DATA PROVIDED |
————————
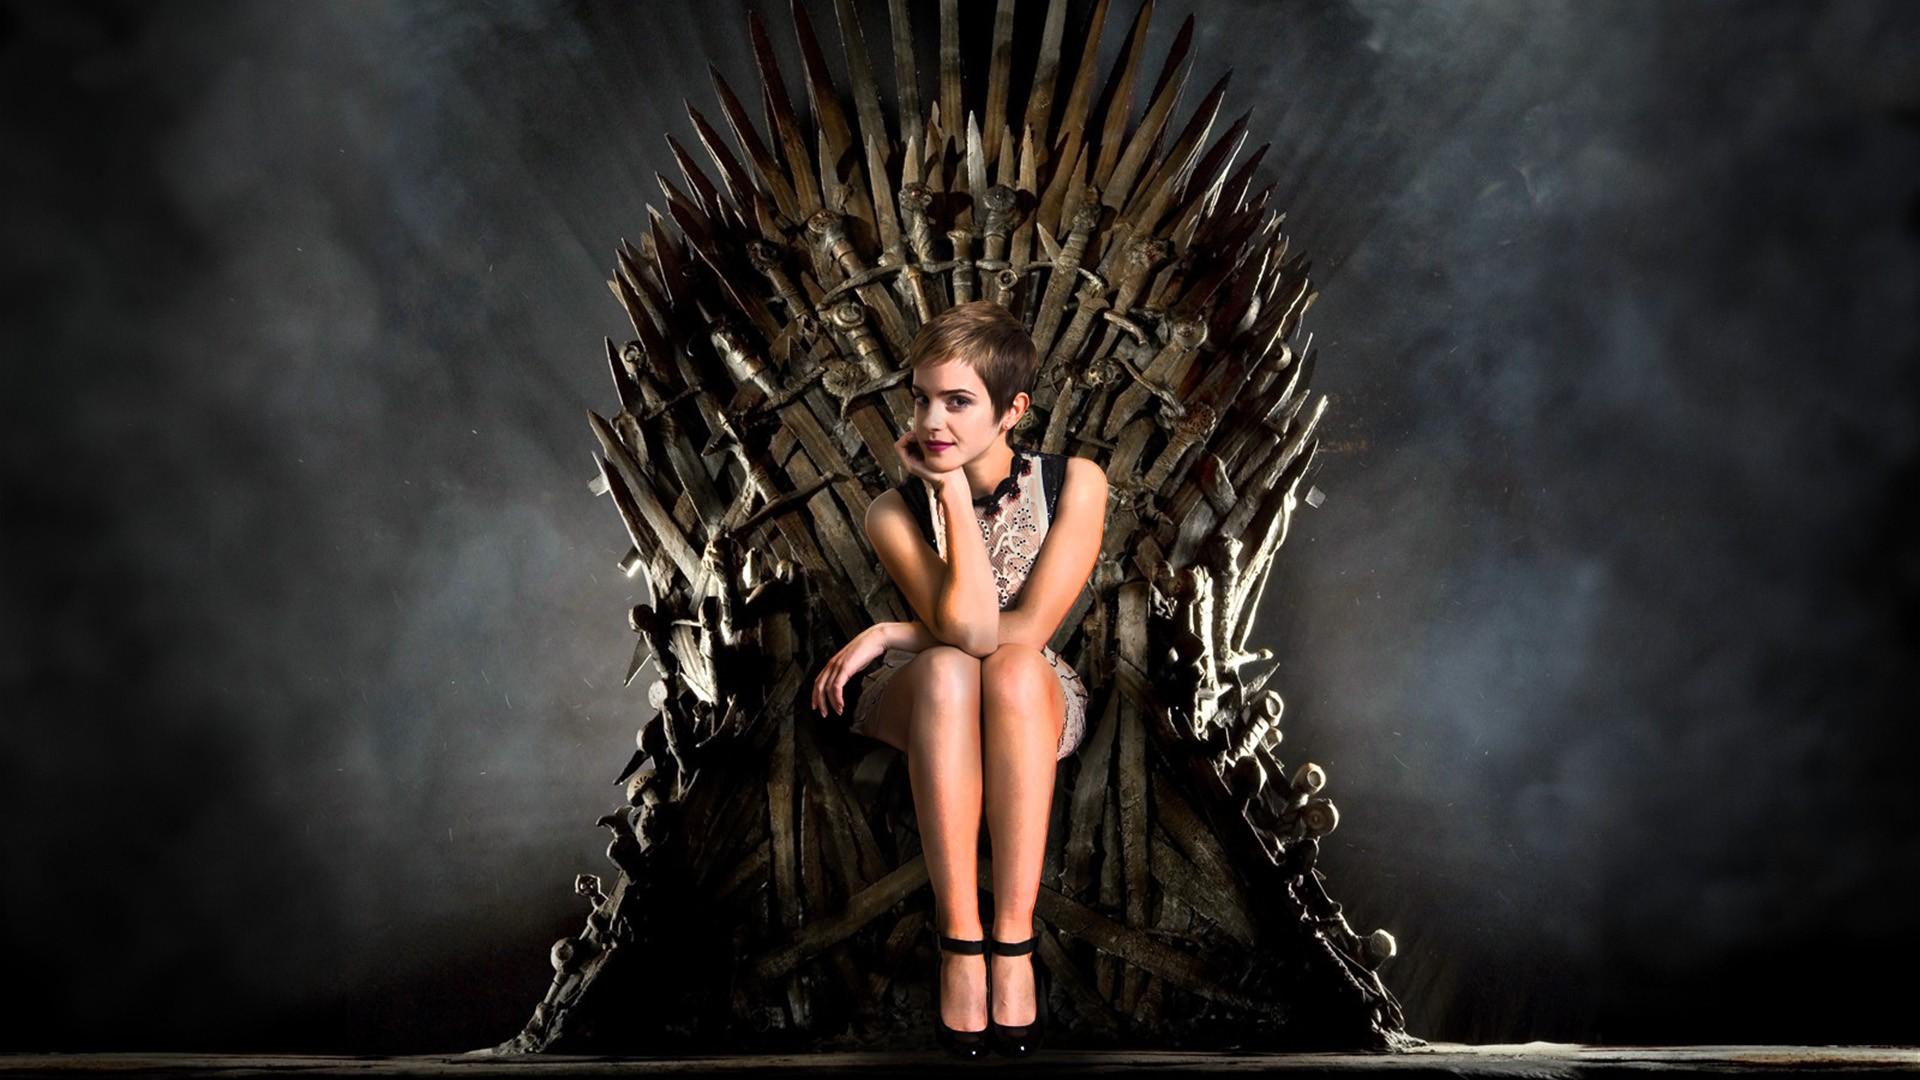 Game of Thrones Season 5 Wallpaper Download Desktop Wallpaper 1920x1080
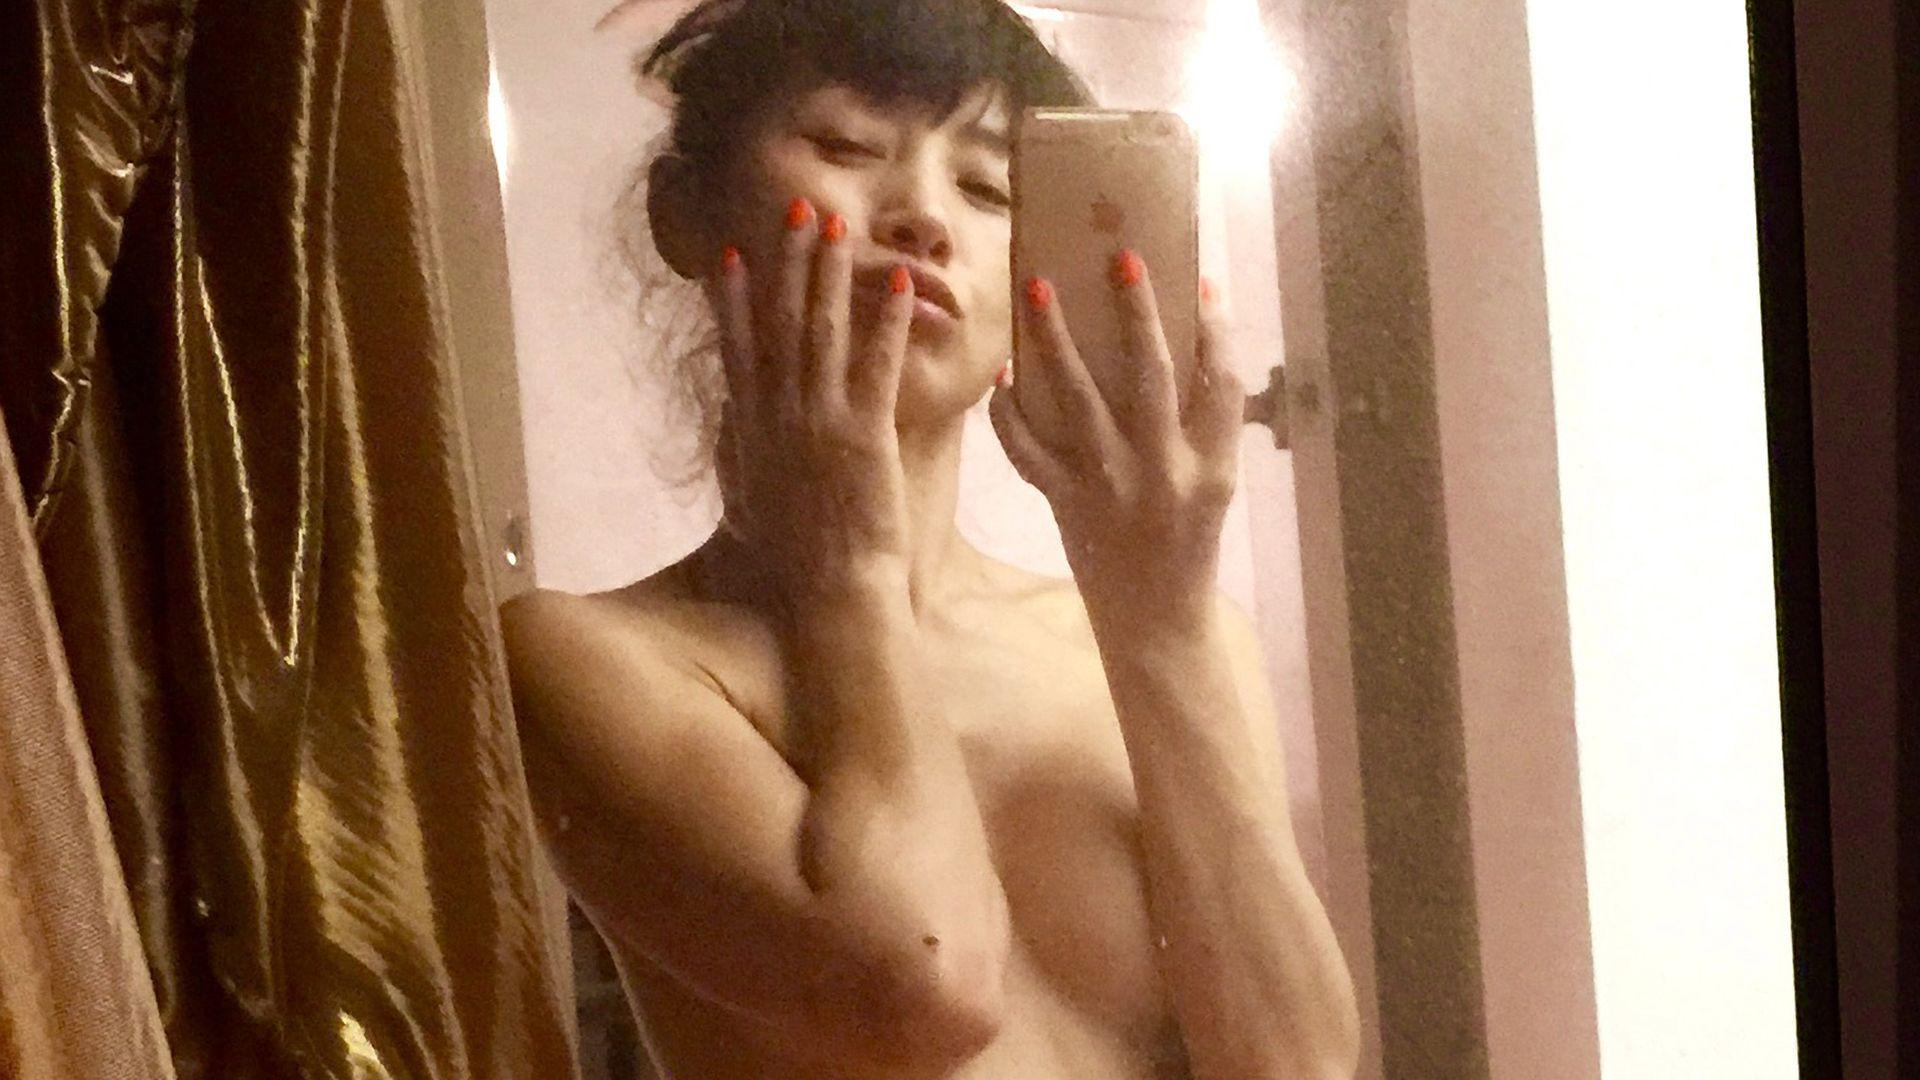 Bai Ling nackt, Oben ohne Bilder, Playboy Fotos, Sex Szene
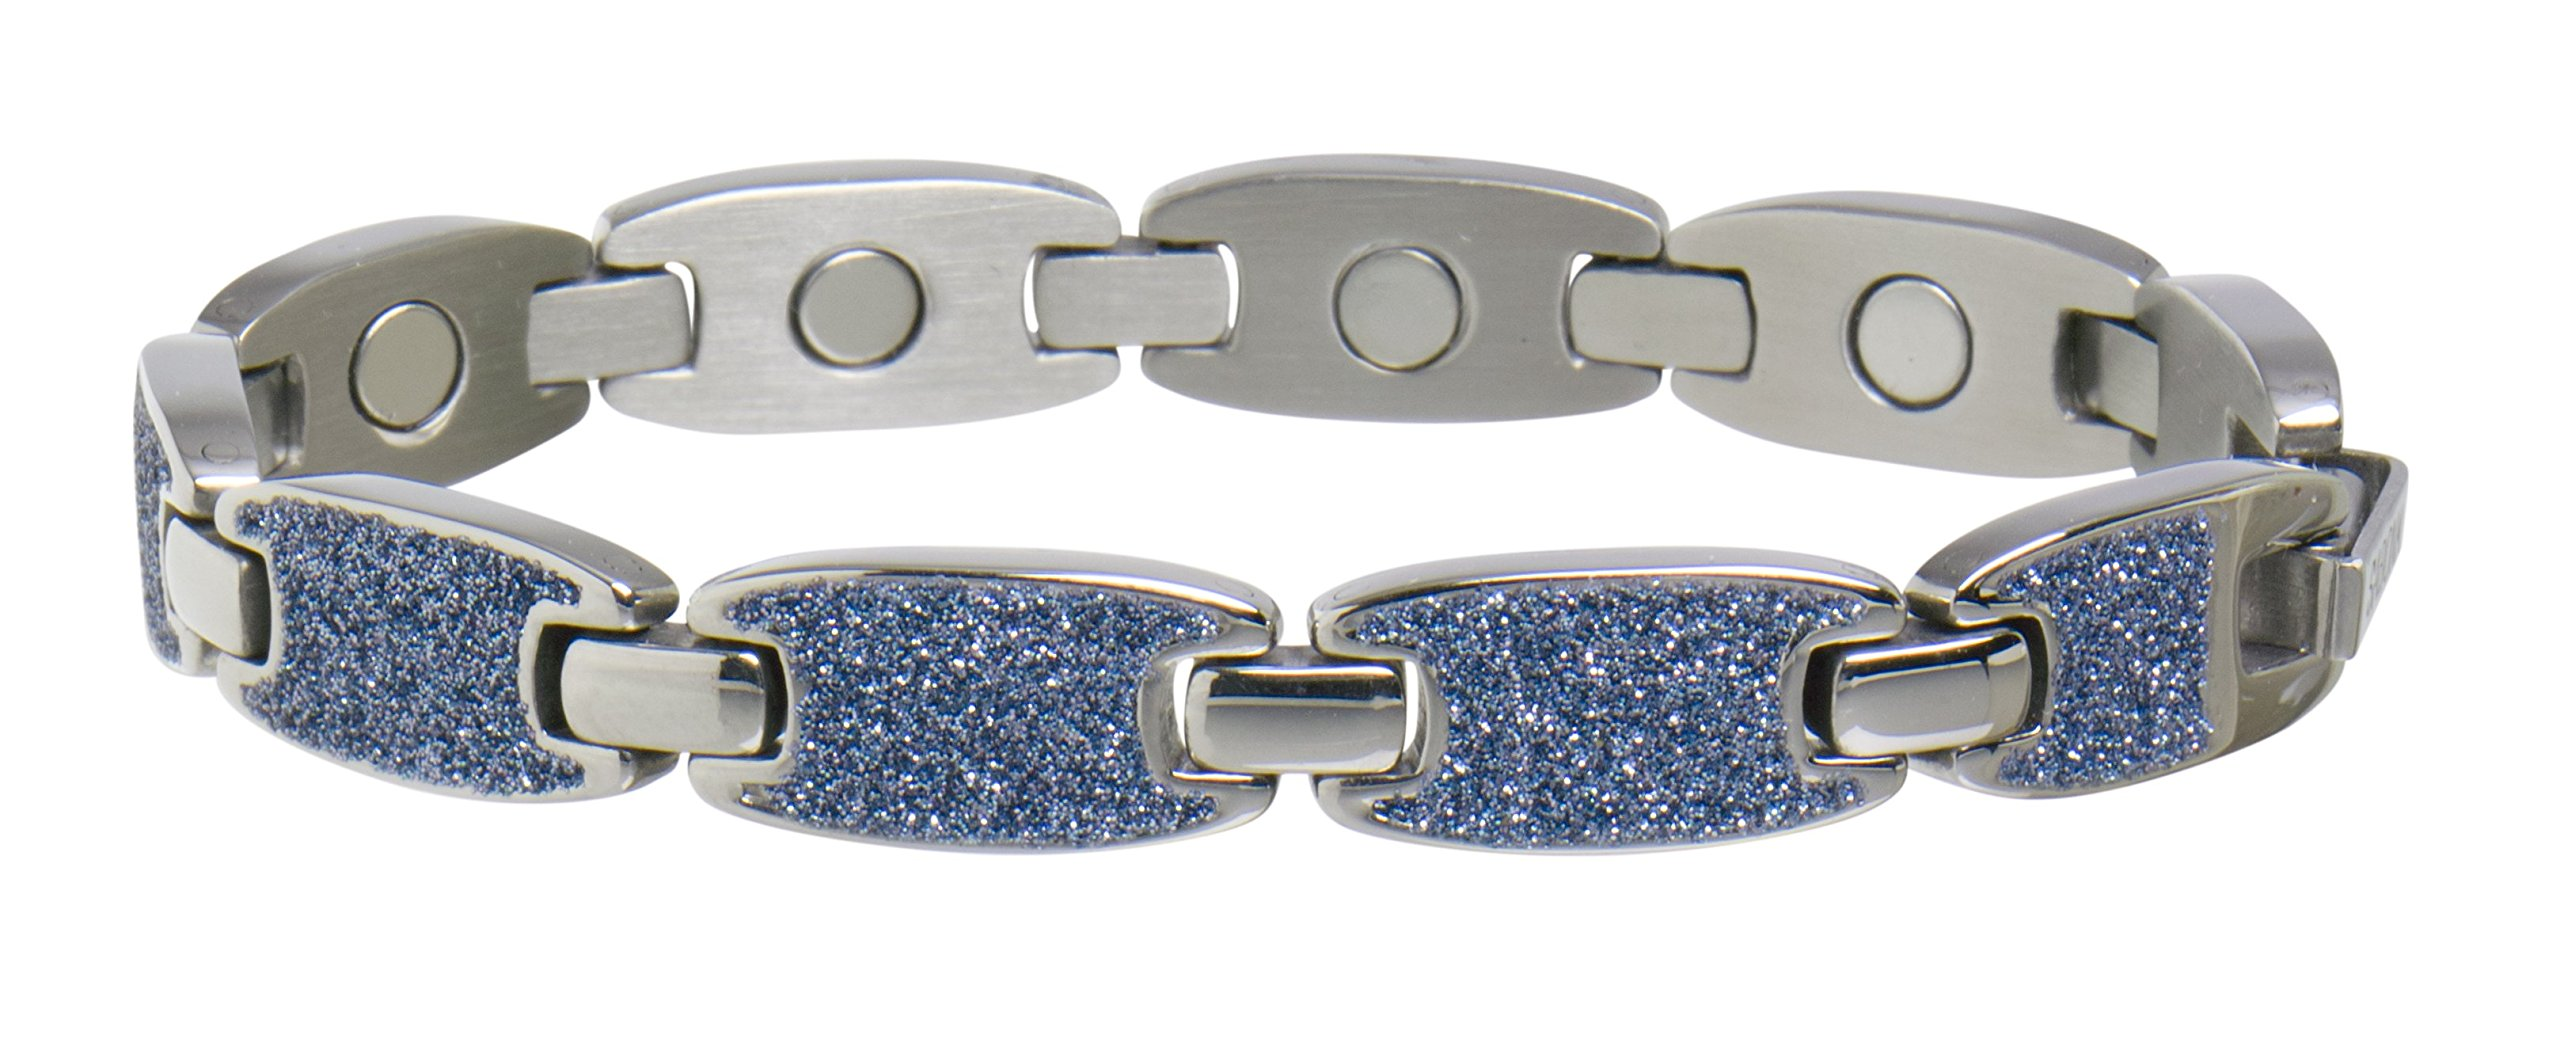 Sabona 28165 Caribbean Ocean Magnetic Bracelet in Silver, 0.1 Ounce by Sabona (Image #1)
————————
WORK INSTRUCTIONS |
Output the lines above verbatim, images excluded.

TASK SOLUTION |
 Game of Thrones Season 5 Wallpaper Download Desktop Wallpaper 1920x1080
 Bai Ling nackt, Oben ohne Bilder, Playboy Fotos, Sex Szene
 Sabona 28165 Caribbean Ocean Magnetic Bracelet in Silver, 0.1 Ounce by Sabona (Image #1)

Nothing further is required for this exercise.